The nibbling cutters are designed to avoid having to drill all those holes. Unfortunately, I don't know of one that cuts 1/4" styrene. As someone else pointed out, though, that is really thick stuff, and I'm betting it's overkill. I generally use much thinner stuff, reinforced with strip or a second layer of sheet if necessary.


----------



## babu2 (Jun 8, 2015)

*Every picture telles a story*

This is the project I am working on. As you can see some of the windows are covered with plastic that I need to remove.


----------



## SBRacing (Mar 11, 2015)

This may be a stretch but what about a jig saw with a fine plastic blade?


----------



## DonR (Oct 18, 2012)

Hard to tell from your pics, but the errant plastic appears
to be similar to 'flash' which can be easily cut off with a
good hobby knife.

I have a razor saw with a choice of several blades.

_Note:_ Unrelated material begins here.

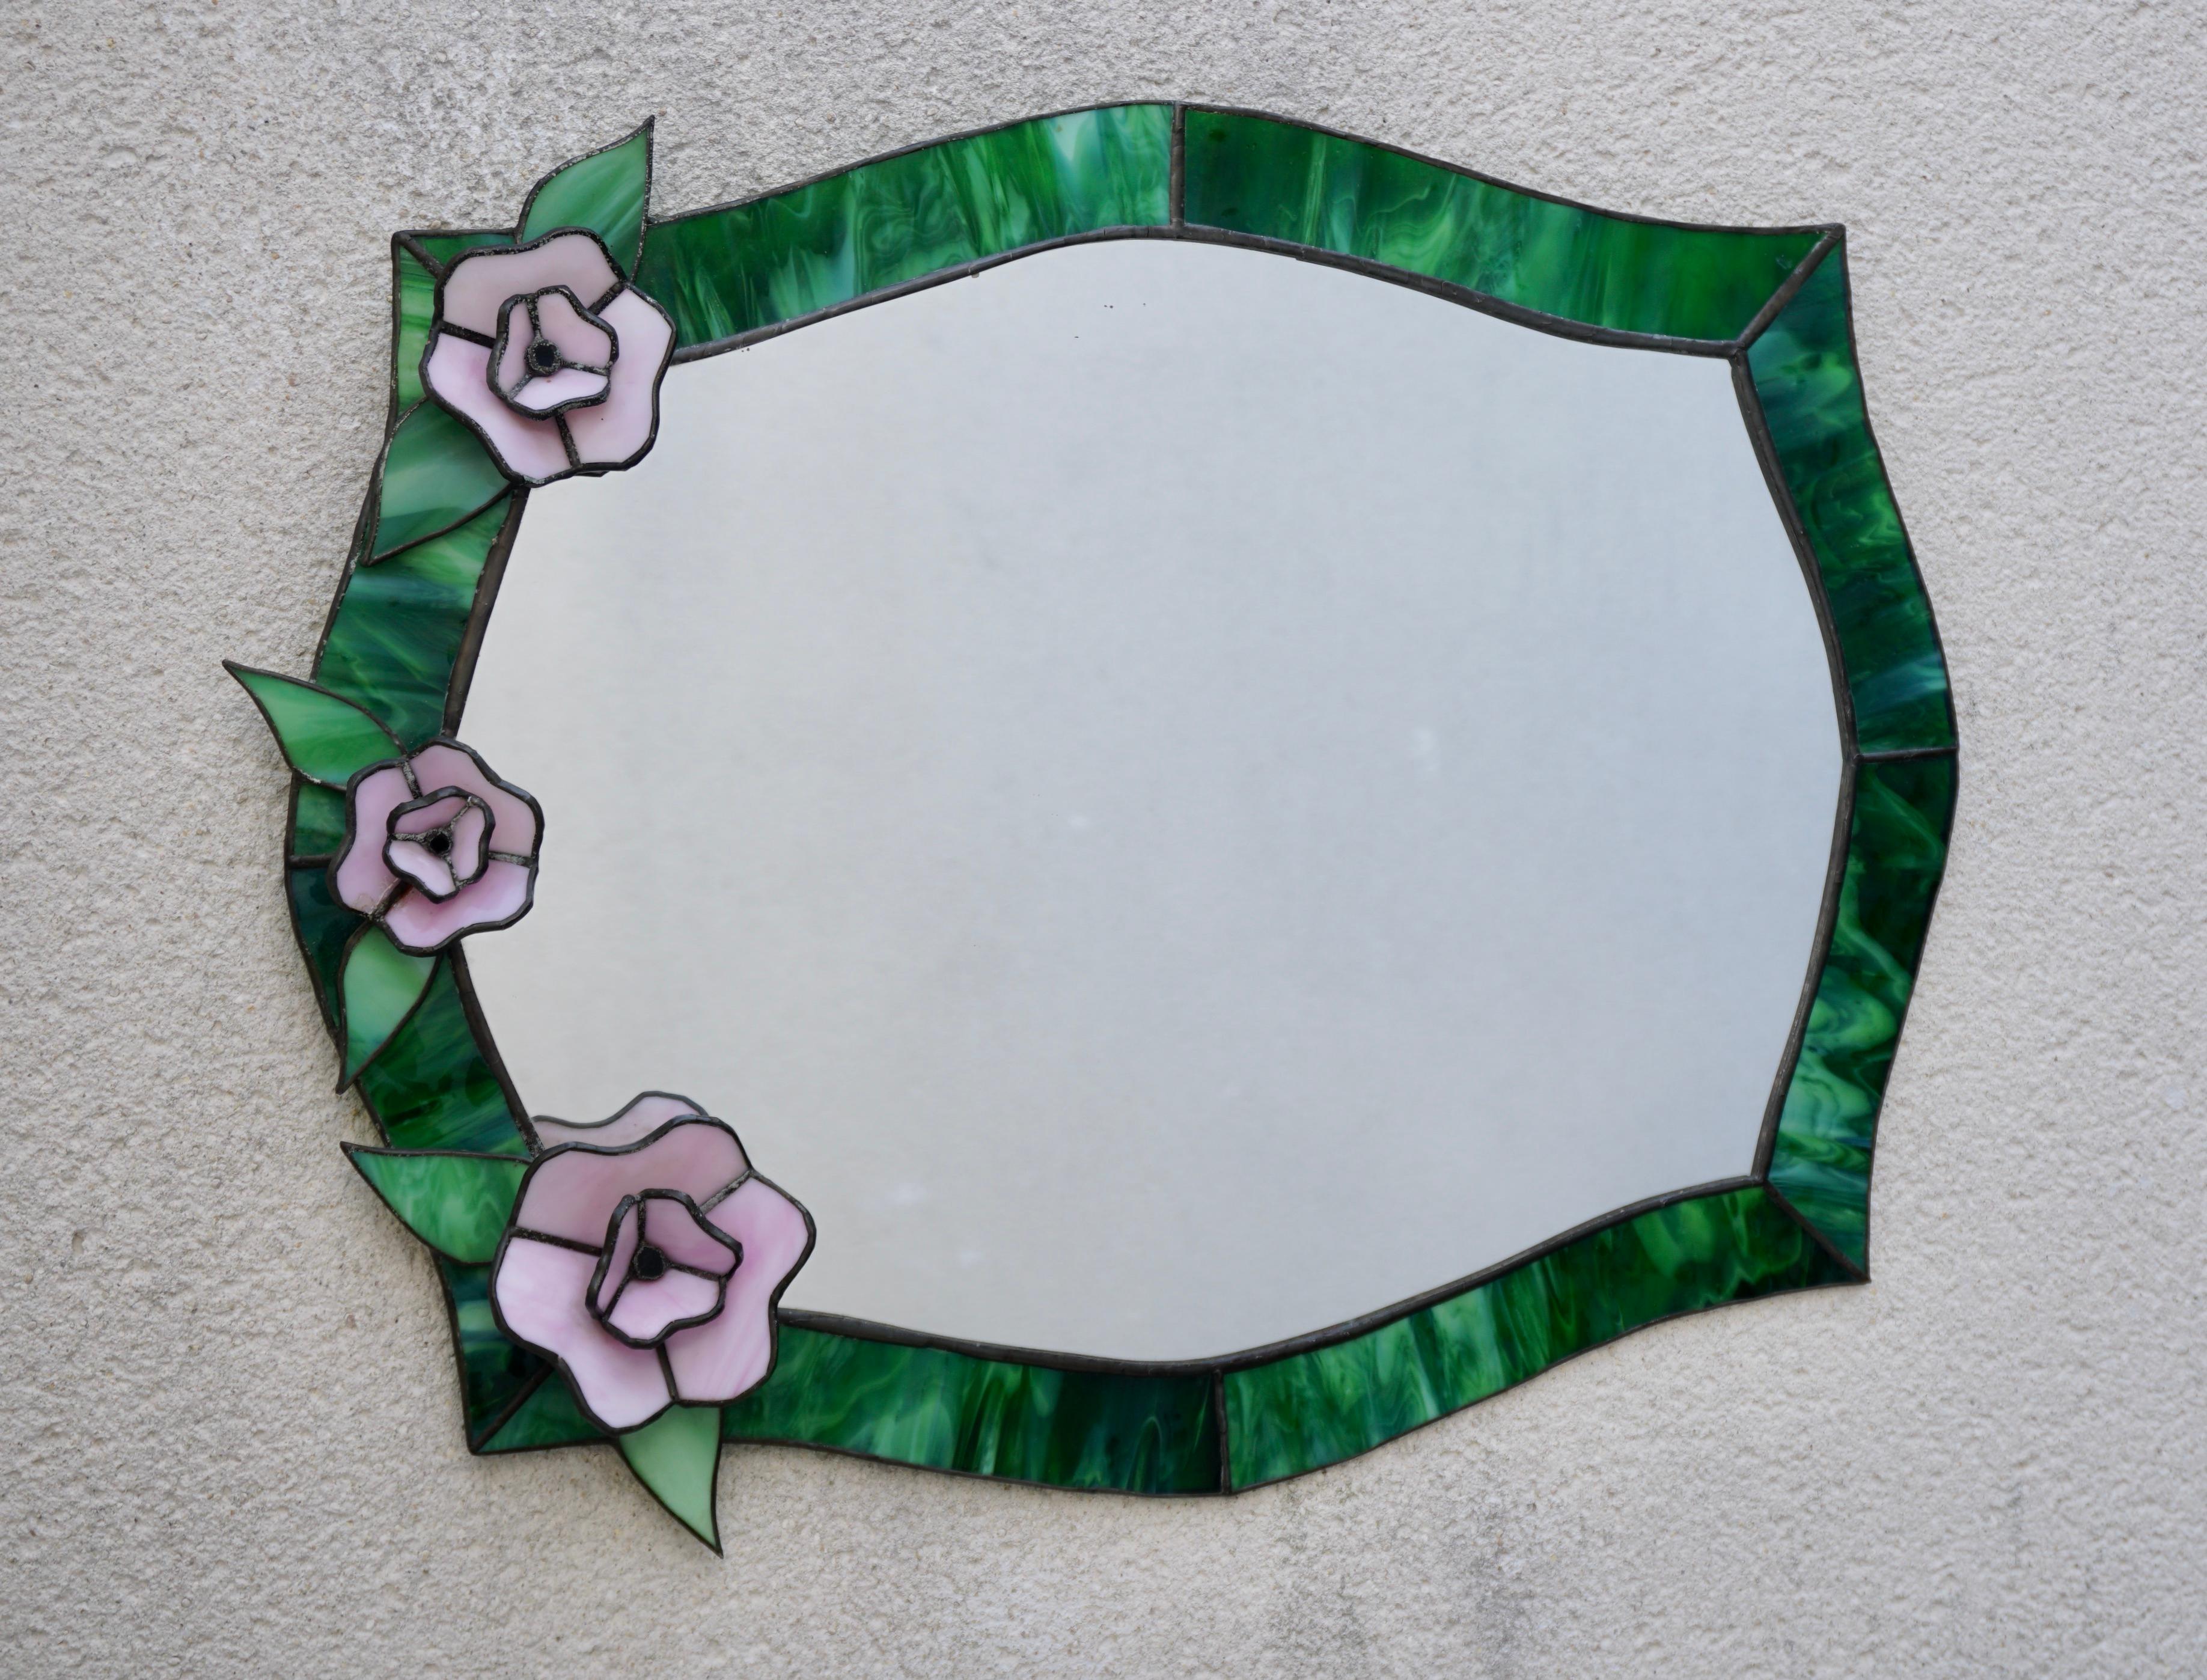 Beautiful green Tiffany stained glass mirror with pink flowers.

Width 20.8

One
is very slender and would be right to remove the 'flash'
even if thick. It could easily get into tight spaces.

Don


----------



## wvgca (Jan 21, 2013)

if you just want to get 'most' of the excess plastic off, and file to finish size...i have used a small fine tooth jig [sabre] saw blade..to make it easier to hold i sawed a notch into the end of a piece of wood doweling for a handle, hot glue or hose clamp tight...


----------



## CTValleyRR (Jul 26, 2014)

Did you cast those yourself? Some of them look pretty rough.

Anyway, for that job, I think a hobby knife and mill file would be your best bet.


----------



## tr1 (Mar 9, 2013)

*Save our work surface area from wear and tear*

I agree, a sharp hobby knife. and a very fine mini file along with patience. The casting should be placed on some spare wood to take most of the punishment from the sharp pointed blade. That, I believe, will save your work surface from showing it's age. Regard's,tr1


----------



## CTValleyRR (Jul 26, 2014)

Or use a self healing mat.


----------



## JoeG (Feb 3, 2013)

I found this product which might help for cutting windows. I might even buy once for the same reason. 

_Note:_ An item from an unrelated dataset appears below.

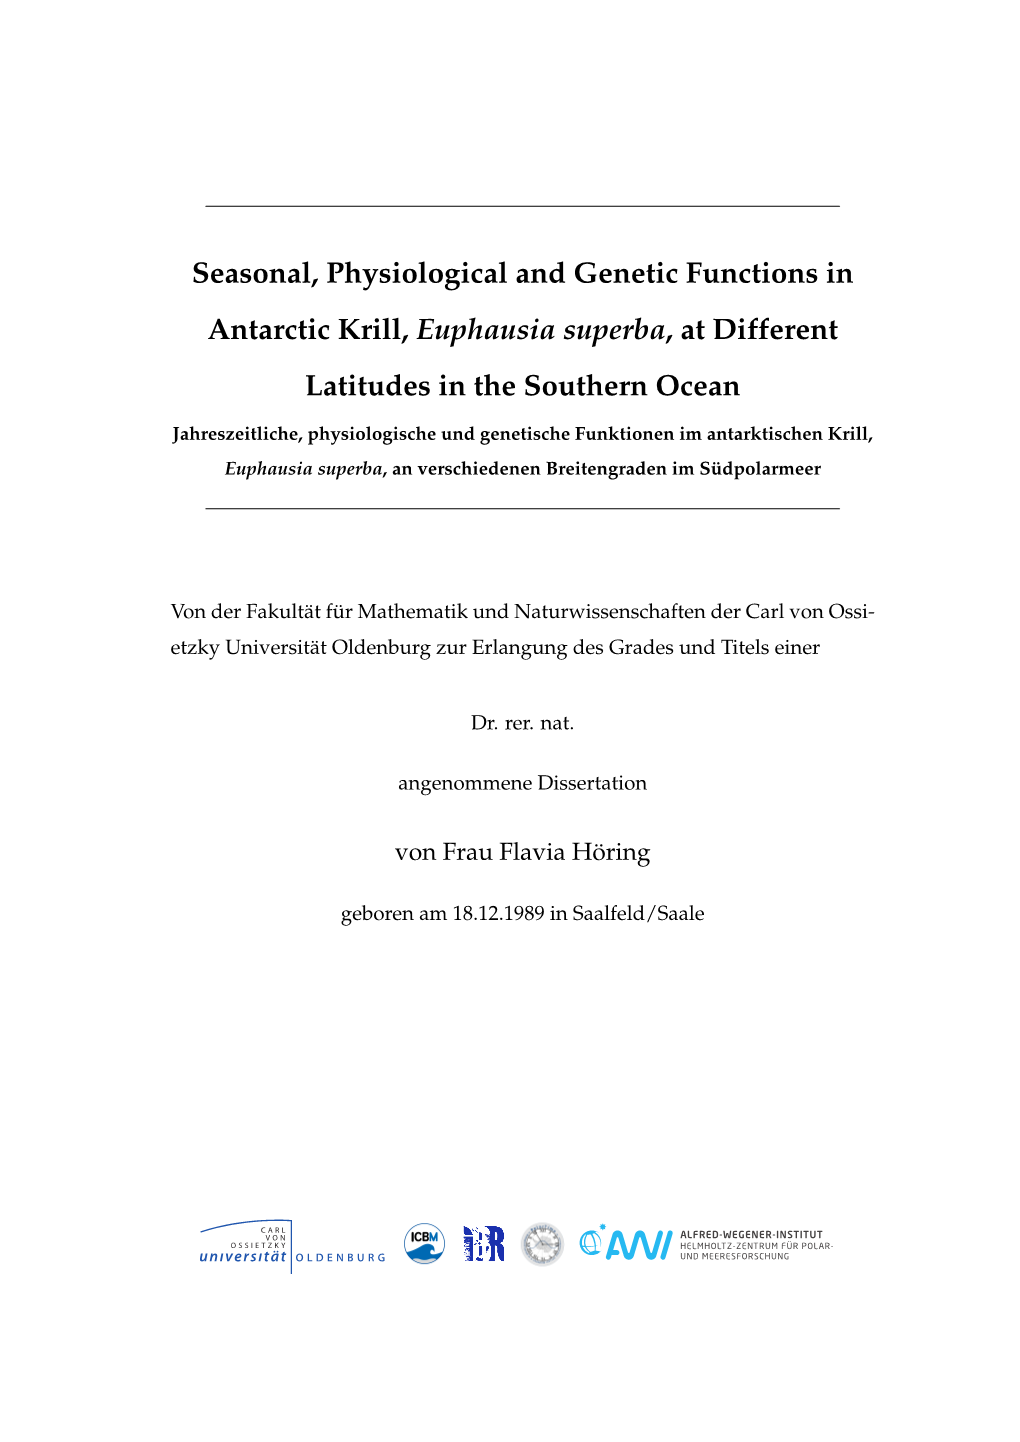 Seasonal, Physiological and Genetic Functions in Antarctic Krill, Euphausia Superba, at Different Latitudes in the Southern Ocean

http://www.micromark.com/7-piece-11-size-micro-saw-set,6567.html


----------



## thedoc (Oct 15, 2015)

If you mount a carbide tipped blade on the Dremel table saw, it makes a very good tool for cutting small items. I have even used one for cutting hard woods over 1/2" thick.


----------



## CTValleyRR (Jul 26, 2014)

Well, no saw with a continuous blade is going to help you cut out a window, unless you're willing to cut through your wall and patch it up. 

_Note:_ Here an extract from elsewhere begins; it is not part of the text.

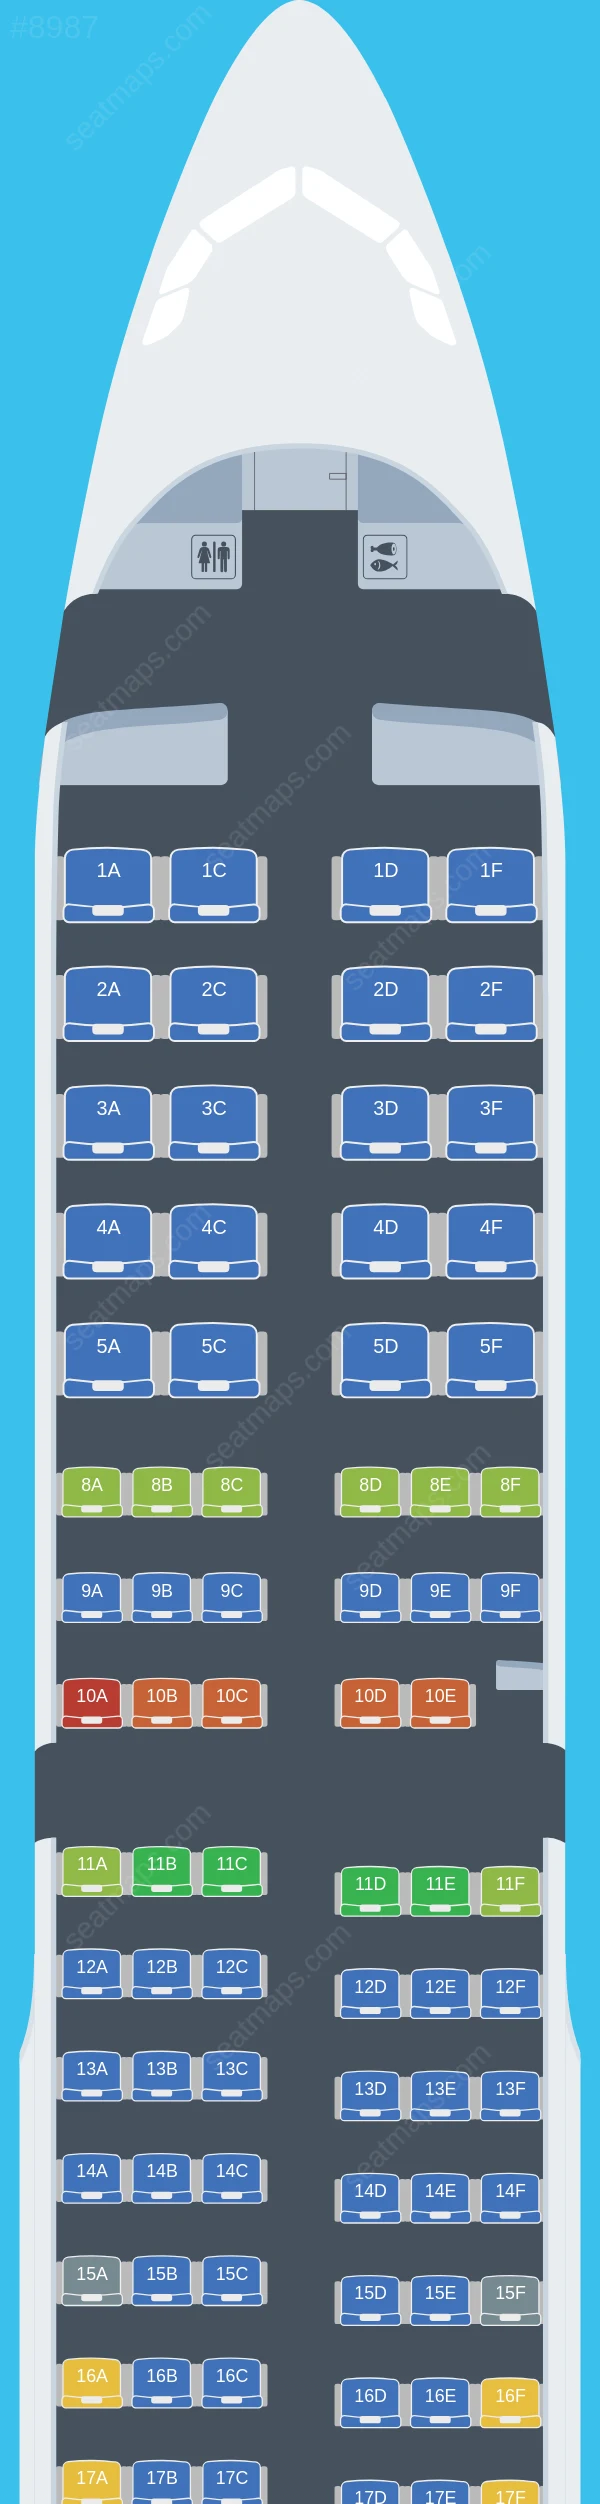 American Airlines Airbus A321-200 V.1 seatmap preview

My choice is a nibbler, like this one.


----------



## thedoc (Oct 15, 2015)

CTValleyRR said:


> Well, no saw with a continuous blade is going to help you cut out a window, unless you're willing to cut through your wall and patch it up.
> 
> My choice is a nibbler, like this one.


Yep, you need to use the correct tool for the job, and a Dremel with a carbide blade is good for long straight cuts, A nibbler is good for cutting out holes larger than the nibbler blade.


----------